Analysis of C. bulbifera trait variation between populations and habitats indicates that undisturbed, old, broadleaved forest habitats with natural succession are most favourable for its growth and most important for its conservation. Stable and abundant populations of this species are supported by species-rich spruce forests and hornbeam habitats.
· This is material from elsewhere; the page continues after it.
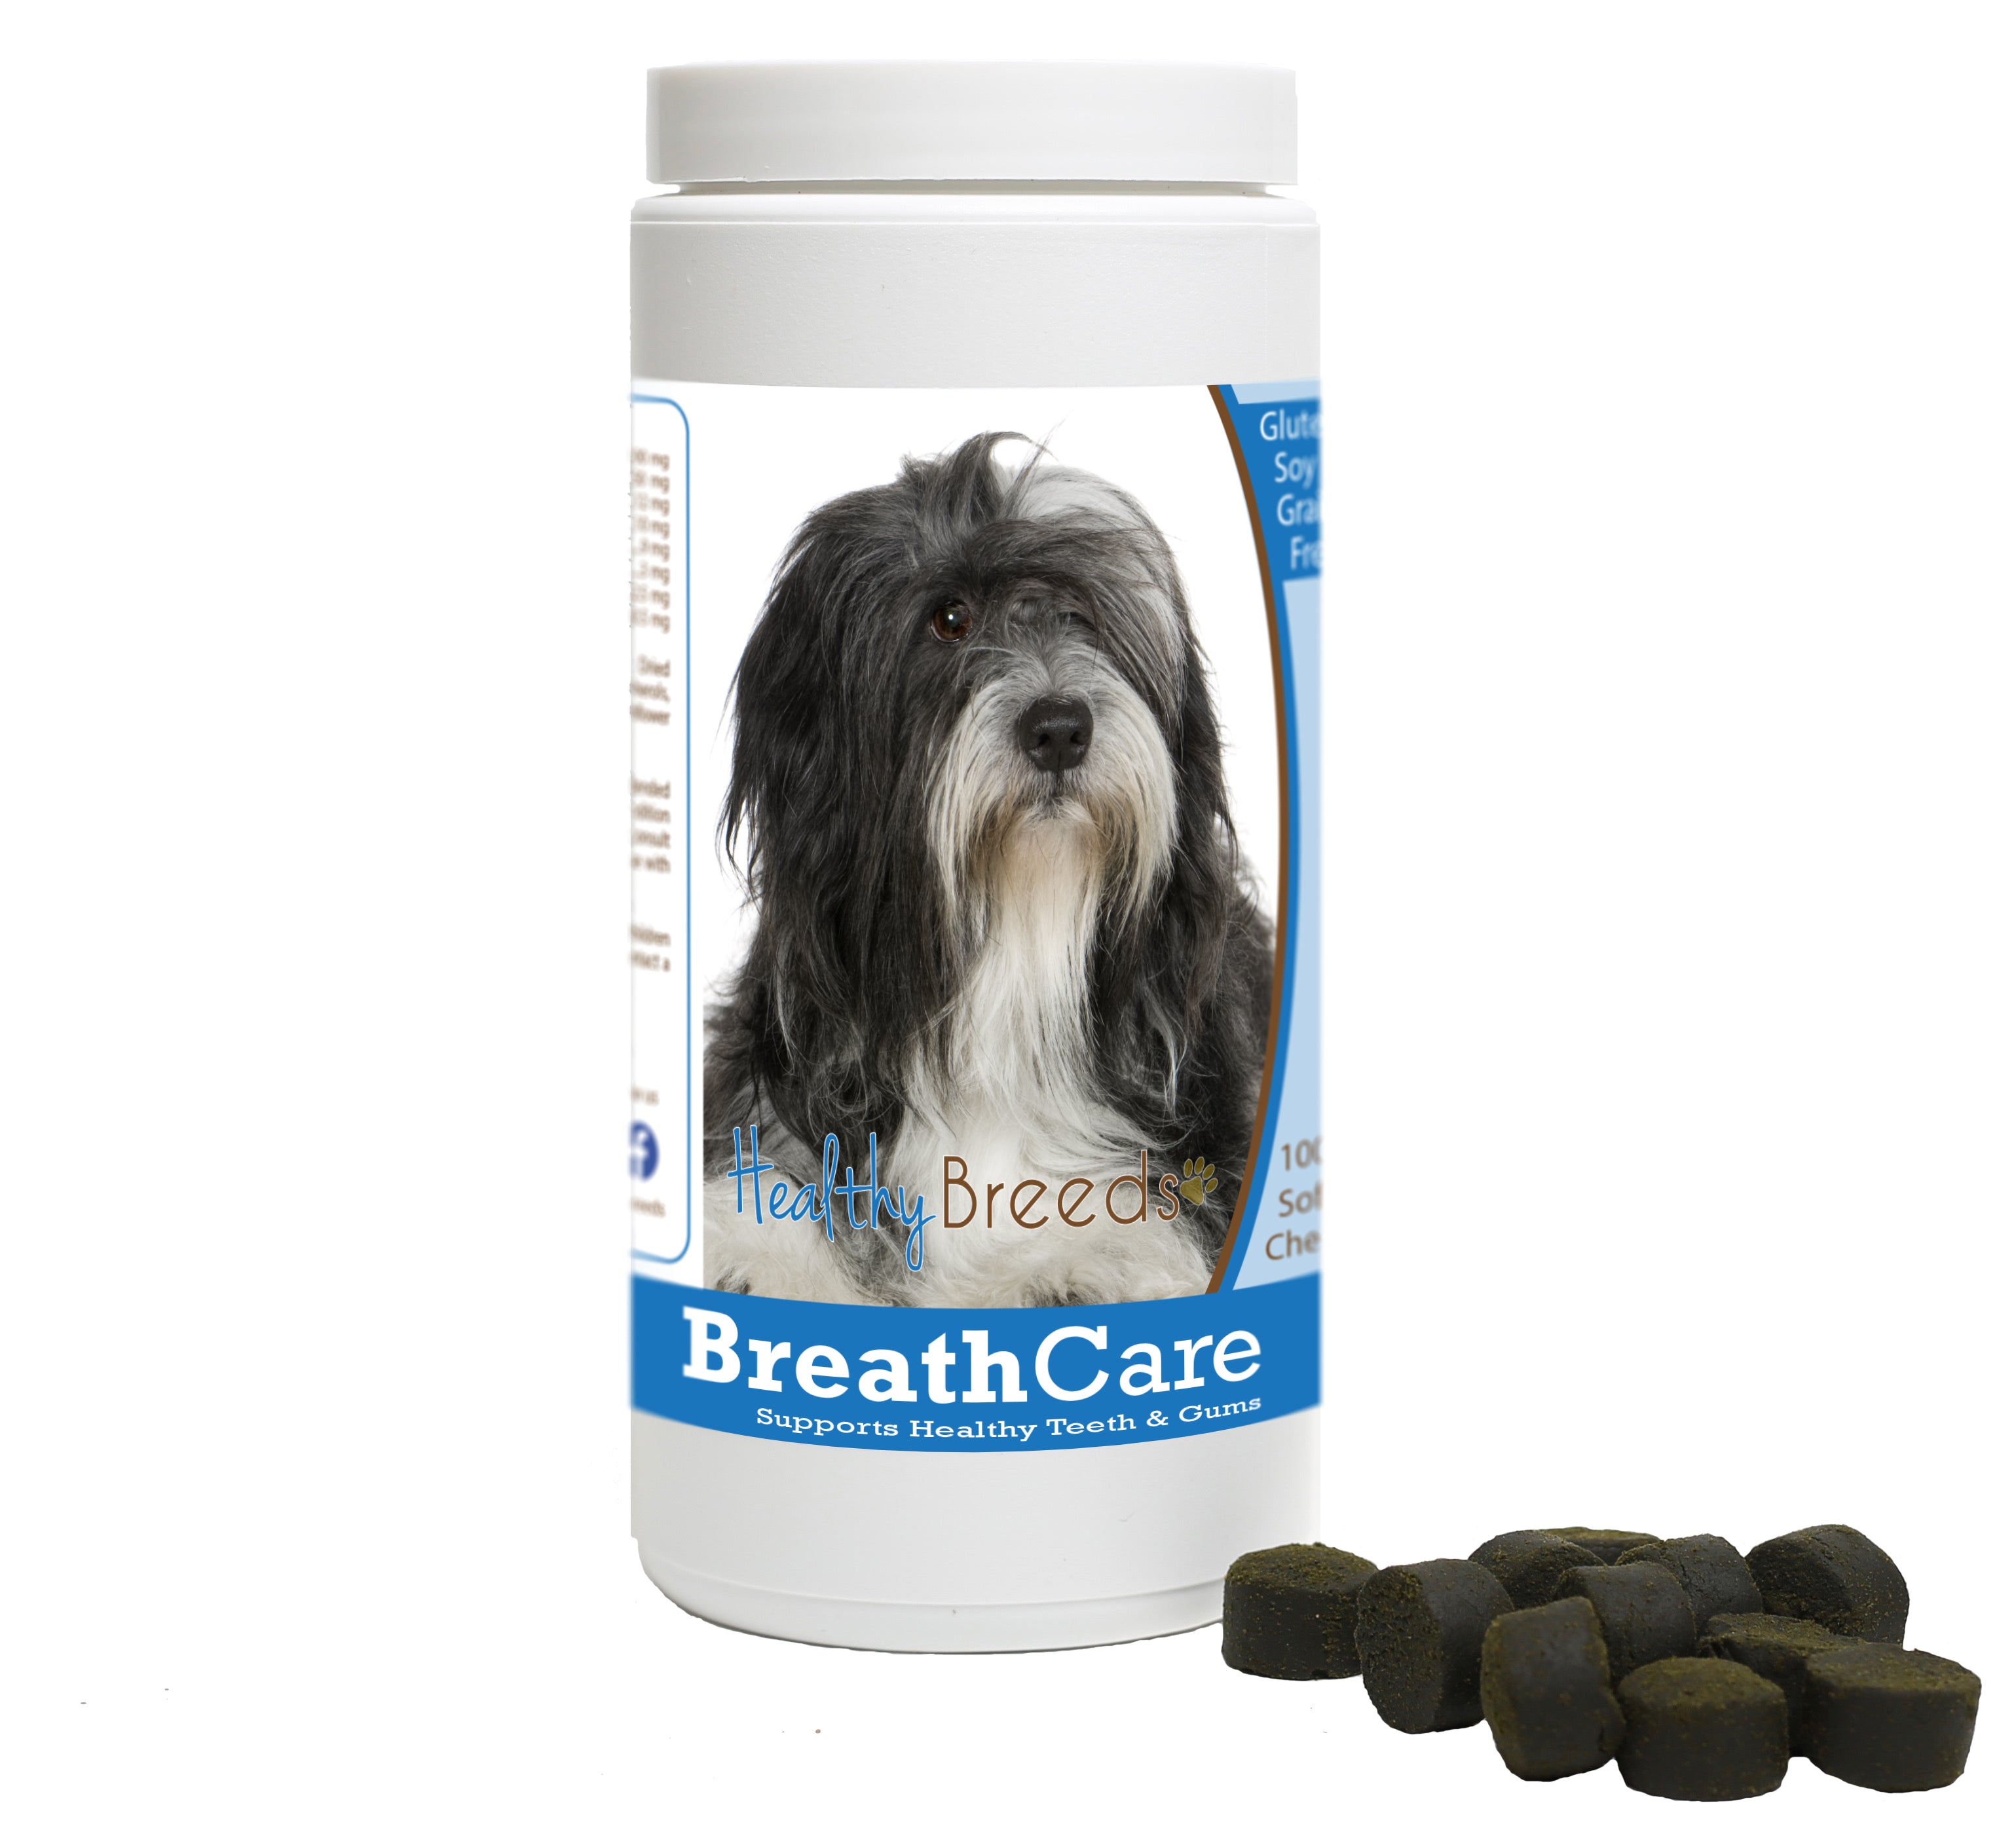 Lhasa Apso Breath Care Soft Chews for Dogs 60 Count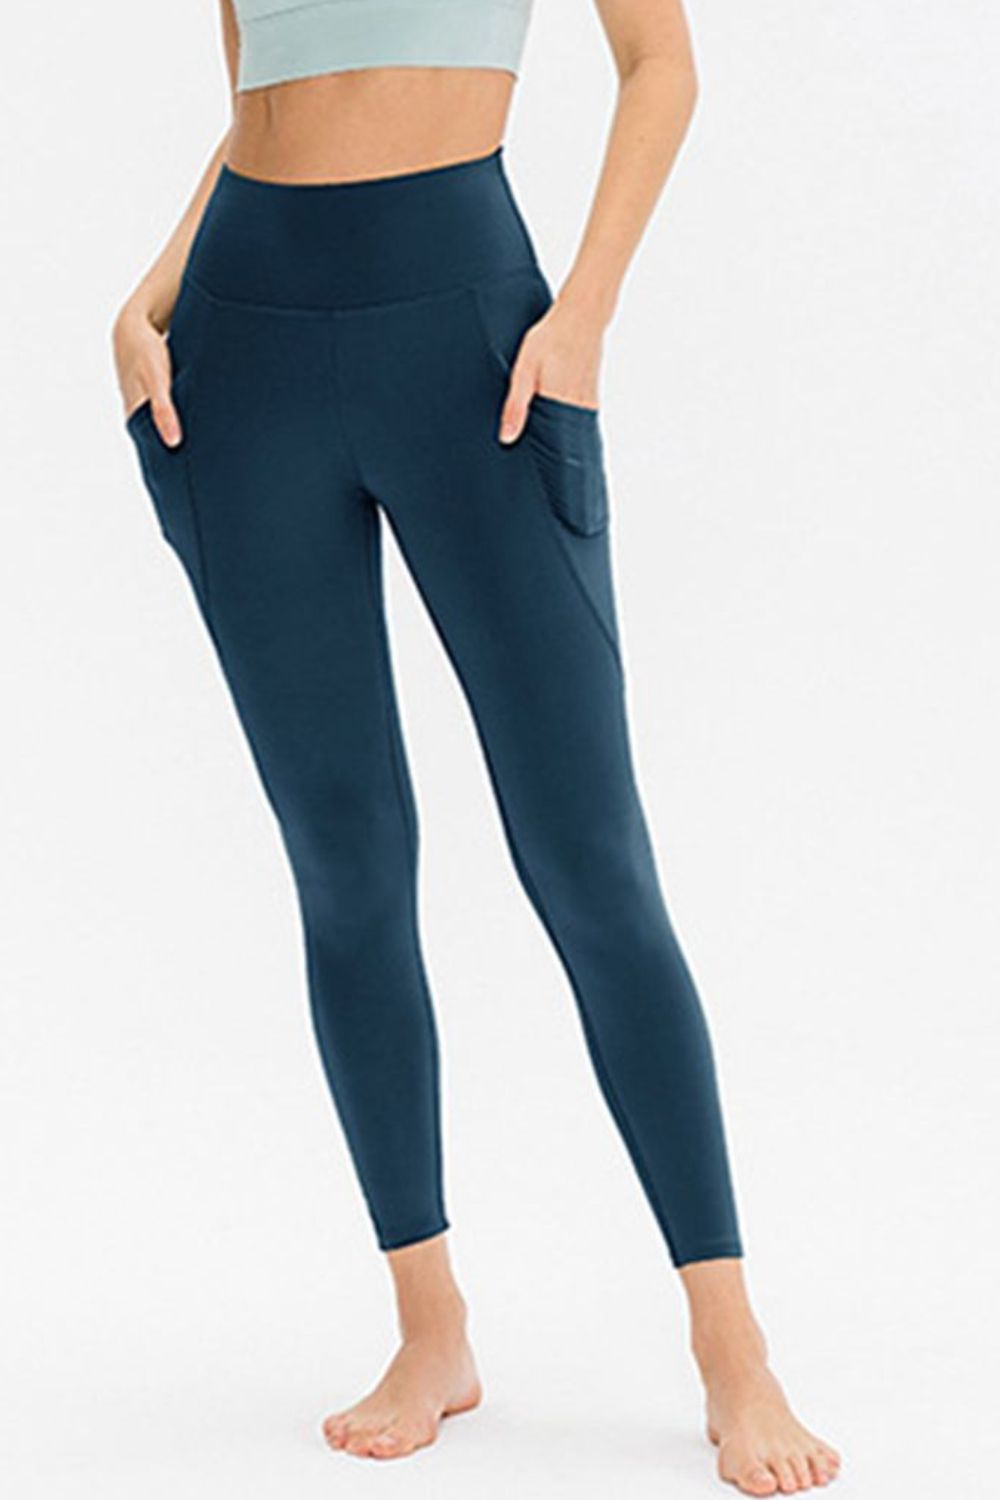 Slim Fit Long Active Leggings with Pockets - Deep Teal / S Wynter 4 All Seasons

4.4. Relationships Between Species Diversity and Population Structure

The negative relationship between higher species diversity and the number of mature C. bulbifera individuals in the sampling plot, as well as the negative correlation between the number of mature individuals and plant cover, suggests that C. bulbifera may be sensitive to competition. With greater species diversity, competition within the community for space, light and nutrients increases [67,68]. Competition for light may have the greatest impact, given that C. bulbifera has an early growing season and flowers before the trees in the stand fully expand their leaves, therefore allowing more sunlight to reach the ground [69]. However, when the diversity or abundance of rapidly growing spring plants increases, so does competition between them, which may suppress the development of young individuals [68]. It is possible that immature C. bulbifera individuals do not accumulate enough energy to reach maturity in plots with greater species diversity and herbaceous plant cover. This could explain why the proportion of immature individuals is much higher in habitats with dense herb cover, such as spruce and broadleaved forests, than in hornbeam forests with much sparser herb cover.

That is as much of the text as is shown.